US6883347B2 - End bonnets for shell and tube DX evaporator

Info

Publication number: US6883347B2
Application number: US10/667,402
Authority: US
Inventors: Zahid Hussain Ayub
Original assignee: Individual
Current assignee: Individual
Priority date: 2003-09-23
Filing date: 2003-09-23
Publication date: 2005-04-26
Also published as: US20050061025A1

Abstract

The end bonnets for a dry expansion heat exchanger of the shell and tube type having a plurality of bundles of tubes. A pair of end bonnets on opposite ends of the shell. Vertical flat impingement plates between the horizontal baffle ribs within the bonnets subdivide the bonnets into subchambers corresponding to the tube count in respective tube bundles. The cross-sectional areas of successive bundles of tubes increase to allow for expansion of the coolant as it flows through the heat exchanger and absorbs heat from the fluid to be cooled. The vertical plates in the end bonnets define restricted flow areas for the coolant which increases in flow area corresponding to the respective tube bundles.

Description

FIELD OF INVENTION

The present invention relates to Shell and Tube DX Evaporators for refrigeration applications.

BACKGROUND OF THE INVENTION

The present invention relates to end bonnets for use in a shell and tube evaporator. Shell and tube dry expansion also called direct expansion (DX) evaporator is an integral part of a refrigeration system. In a typical refrigeration system there is an evaporator that cools the process fluid at the expense of boiling the refrigerant that is at a lower saturation temperature and pressure, a compressor that compresses the boiled off refrigerant to an elevated pressure and temperature, a condenser that condenses the high pressure refrigerant to liquid phase at the expense of heating the cooling medium, and an expansion device that drops down the pressure of the condensed refrigerant back to the low side which then enters the evaporator to repeat the above cycle again. This cycle is called the reverse Rankine cycle.
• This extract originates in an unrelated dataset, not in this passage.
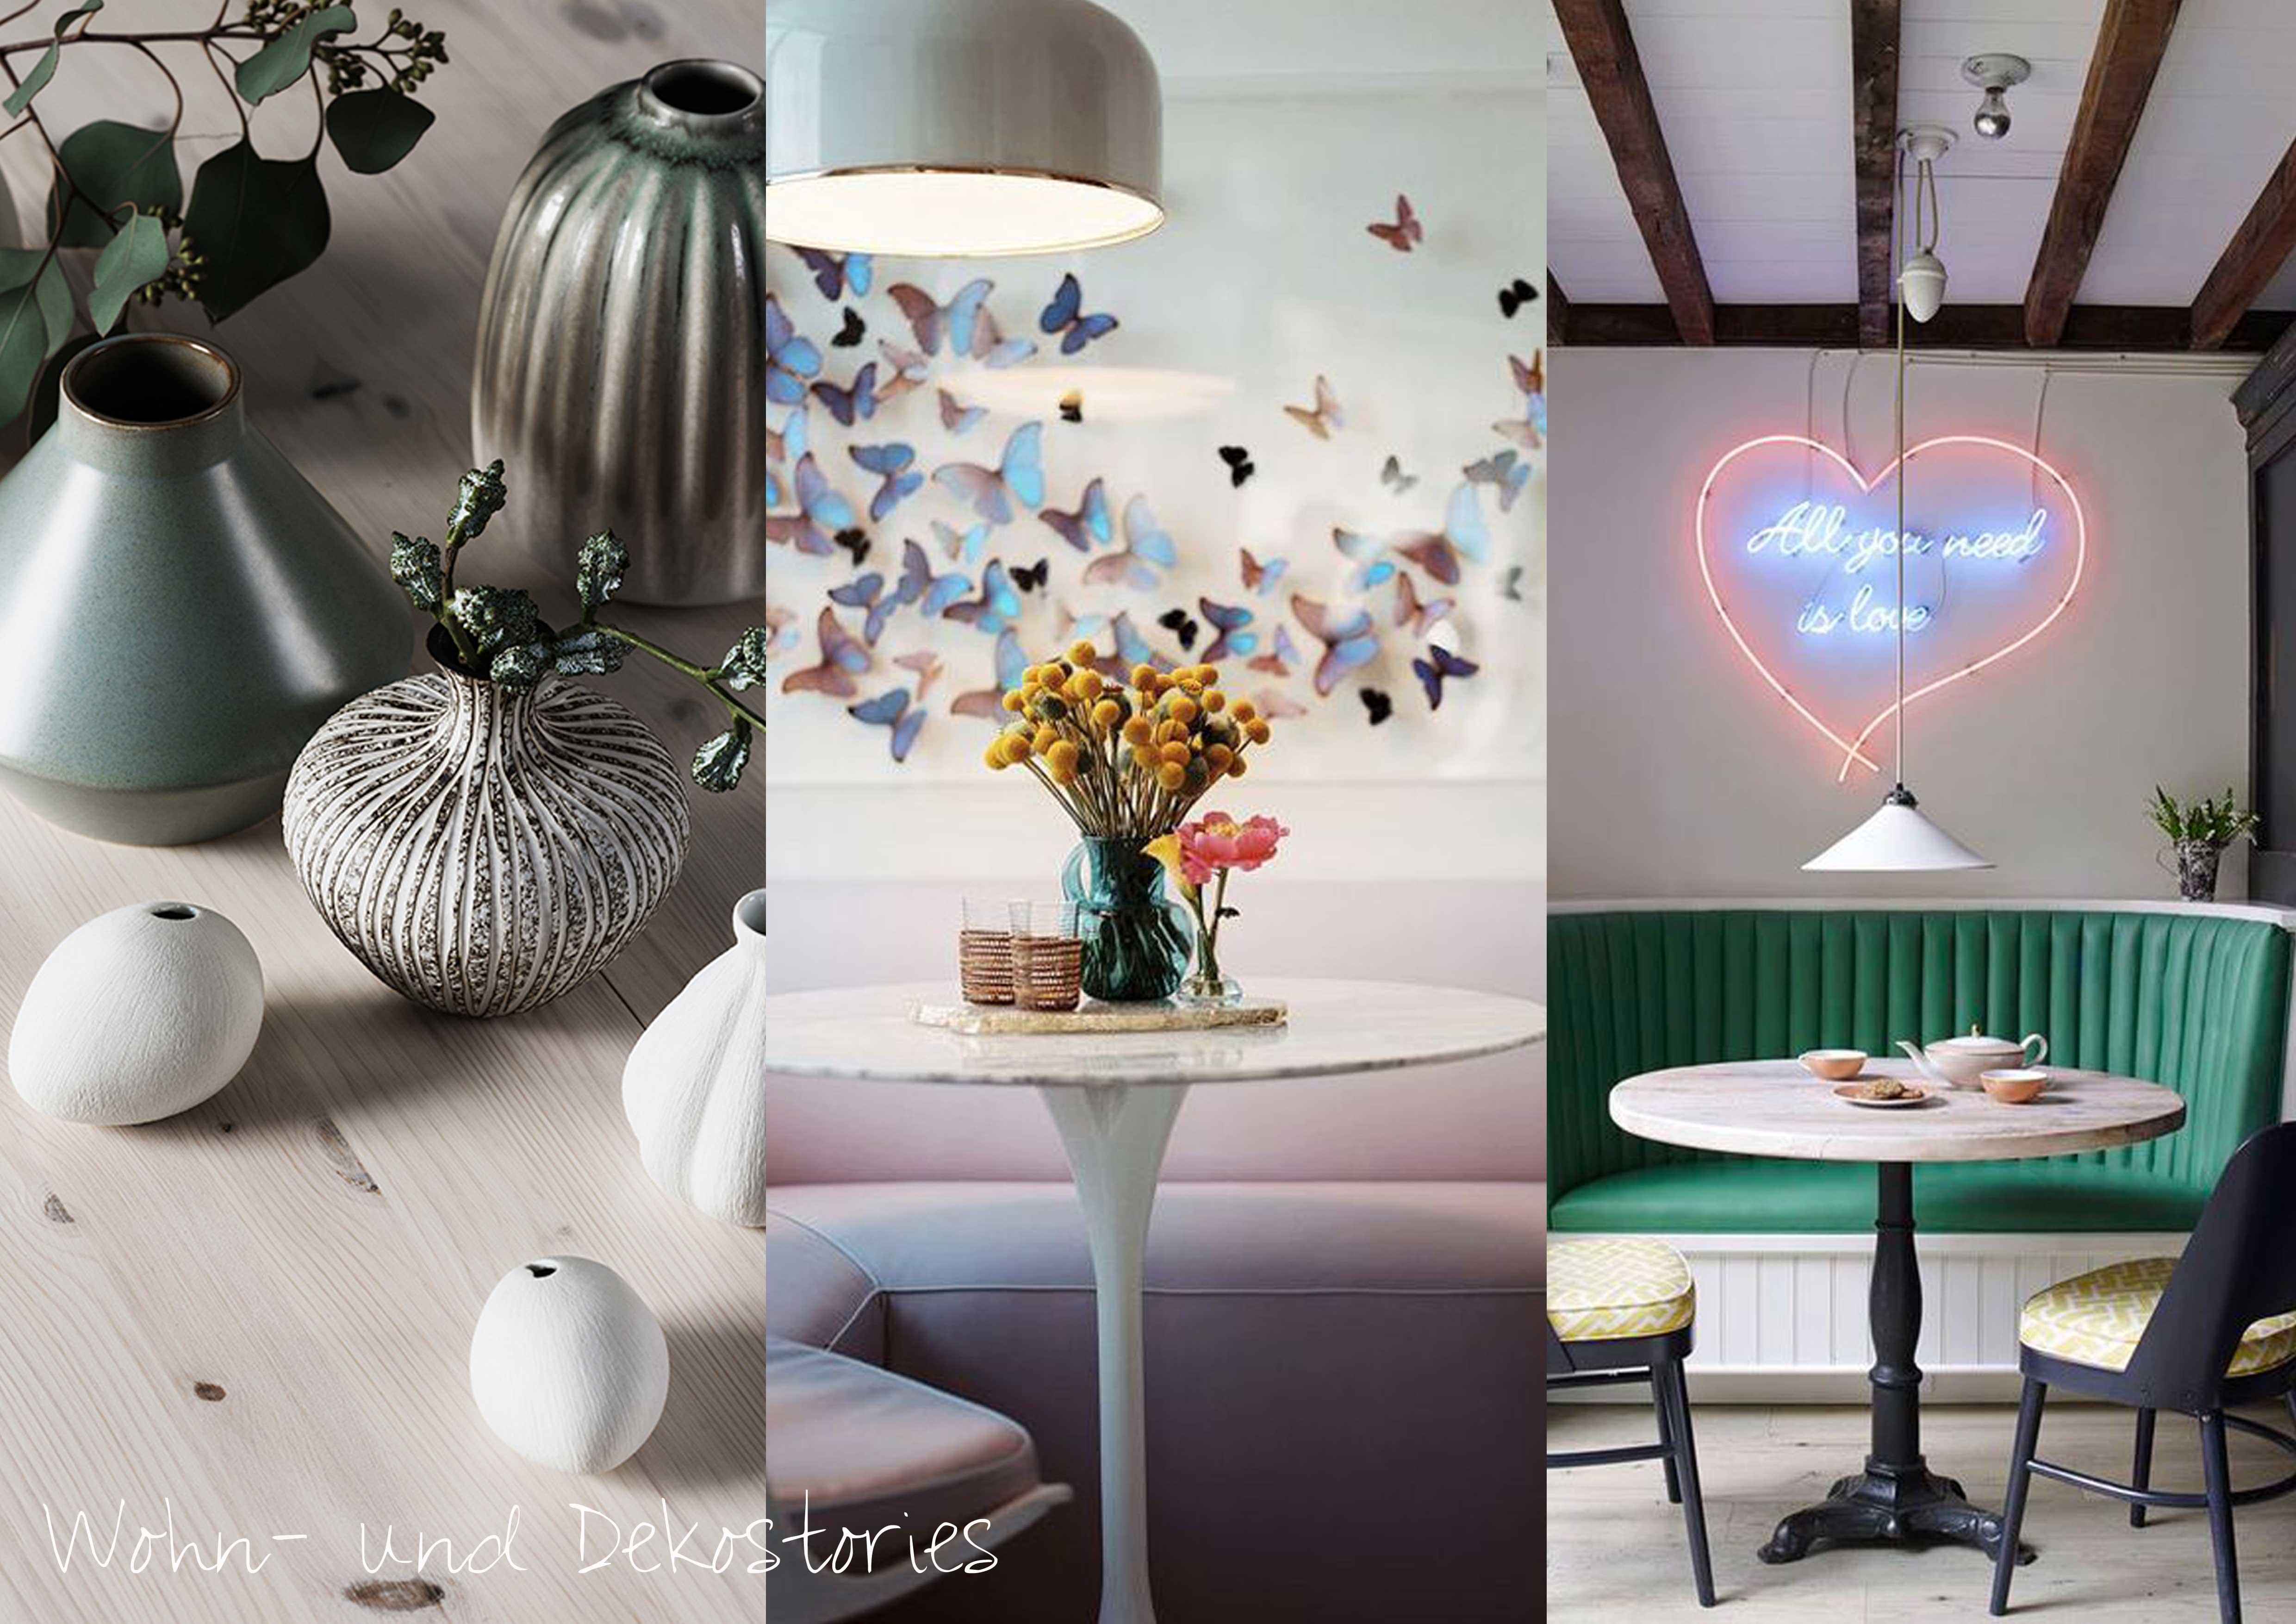 journelles seite 58 von 353 your daily dose of fashion. Black Bedroom Furniture Sets. Home Design Ideas

A shell and tube DX evaporator generally provide a counter or cross flow arrangement for the cooling process fluid in the shell body by a refrigerant (coolant fluid) passing through the tubing within a shell body, which is frequently cylindrically shaped. This tubing provides communication between sealed opposite ends of the cylindrically shaped configuration and defines a flow path for communication of the refrigerant from end to end of the shell structure. The tubes terminate at an end plate commonly known as tube sheets at either end of the shell and bonnet is provided at either end of this shell to define a transfer chamber for fluid communication between successive sets of tubes at each end of the shell.

Evaporators in a refrigeration cycle are generally utilized for cooling various fluids, which may be either gaseous or liquid, by refrigerant transferred through the tube arrangements. As it picks up heat from the fluid to be chilled, the coolant fluid will boil or vaporize as it flows through the tubing network extending between the bonnets. Initially during the cooling cycle, the cooling fluid is generally a liquid.

The tubes provide a tortuous path encompassing multiple passes of the coolant fluid through the shell and, as it continues to increase in temperature, the cooling fluid expands. As the cooling fluid proceeds through each successive or sequential pass, there will be a change of state for the fluid from liquid to the gaseous state. This change of state requires an expanded tube volume to accommodate the expanding cooling fluid. Therefore, subsequent cooling passes require an increased number of tubes or larger cross-sectional area tubes to transfer the initial fluid volume through the heat exchanger network of tubes. Failure to provide this increased fluid transfer volume, as the coolant fluid temperature increases until it attains the vapor state, would result in high fluid velocities in the tubes and large back pressure. In addition, problems relating to the fluid distribution result from these pressure-temperature changes.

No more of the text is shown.